I tuned out my mother’s voice as she told me to focus on myself and gave me input about my game.

A knock sounded on my door and I gave my mom a lame excuse to hang up.

Kappy stood there, car keys in hand. “Airport?” Taking in my face, his body sagged. “What? What happened?”

I shook my head, not even knowing what to say.

This had to be just a bump in the road for us. Mer was in shock or something. There’s no way we were over.

“Is it my fault?” he whispered, anxiety etched on his face. “I’ll call her. I’ll call her right now. It’s my fault. I made you stay. Look at your black eye for God’s sake.” His hands went to his hair. “I’m so sorry, dude.”

“No,” I choked out.

He looked so worried that I had to tell him everything.

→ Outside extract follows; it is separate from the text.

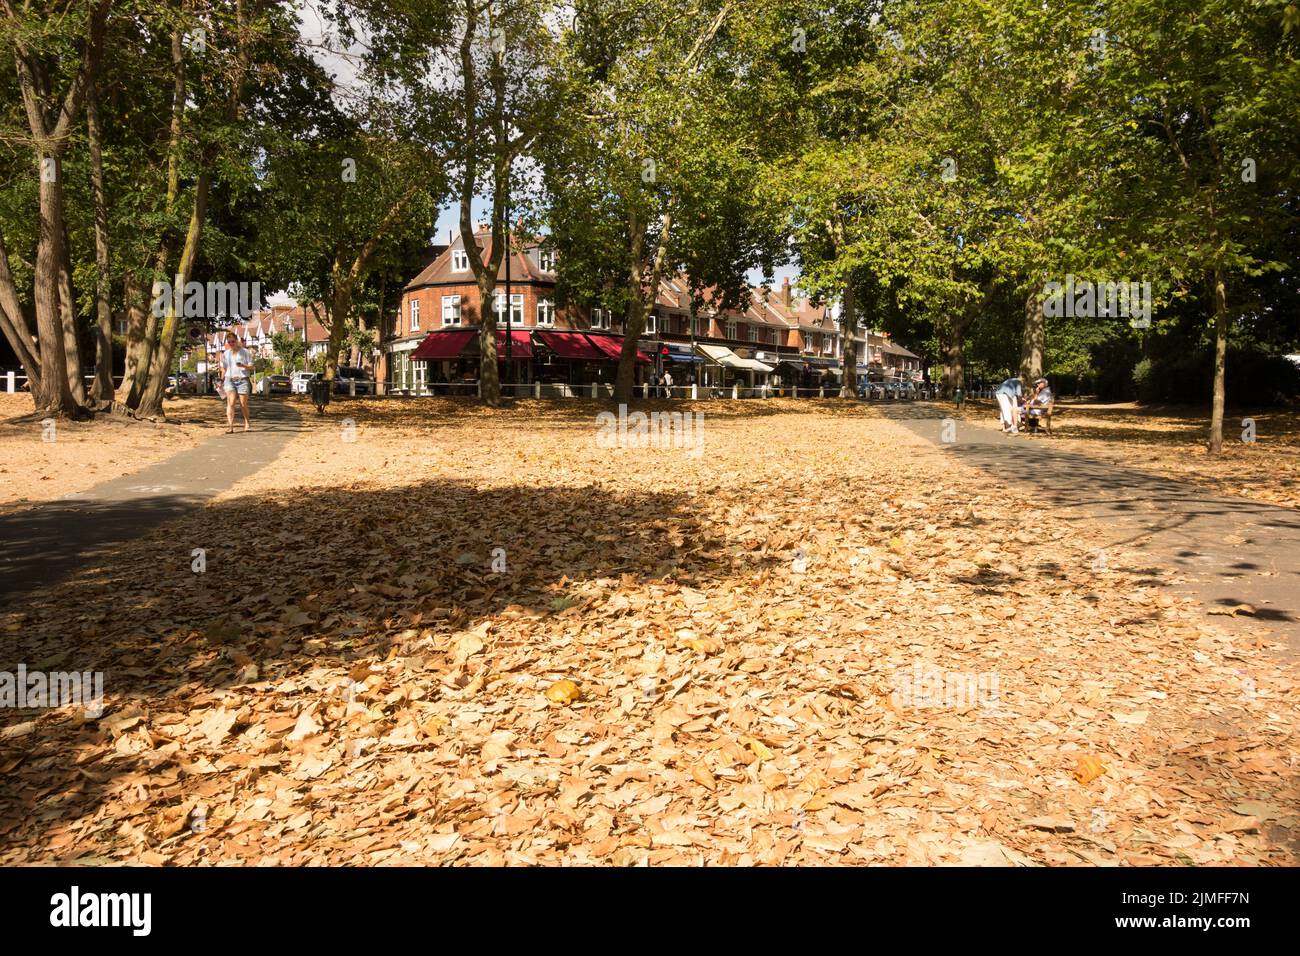 Drought-induced parched grass and leaf fall on Barnes Common, Barnes, London, SW13, England, UK Stock Photo

I told him about Andy, the pills, the shakes, the stupid dinner I made, the way I called her parents, I didn’t leave anything out. Part of me needed to tell him so he’d know not to blame himself, but honestly, I needed to say it all aloud for myself. I needed to recount it, dissect it, try to understand where everything went wrong.

“Shit, dude. I didn’t know,” he said when I finally finished. His mouth twisted like he was sucking on something sour. “I’d like a few minutes with that Andy guy.”

Blowing out a breath, I nodded. “Yeah, get in line.”

“So…” his eyes darted to mine, “what are you going to do?”

Balancing my elbows on my knees, I hung my head.

What could I do? She clearly wanted to be alone– her hysterical cries were burned into my brain, playing over and over again like it was stuck on some kind of loop.

I couldn’t leave to go see her right now because she didn’t even want that. So I guess I’d continue working for our dreams and wait for her to call me. What other choice did I have?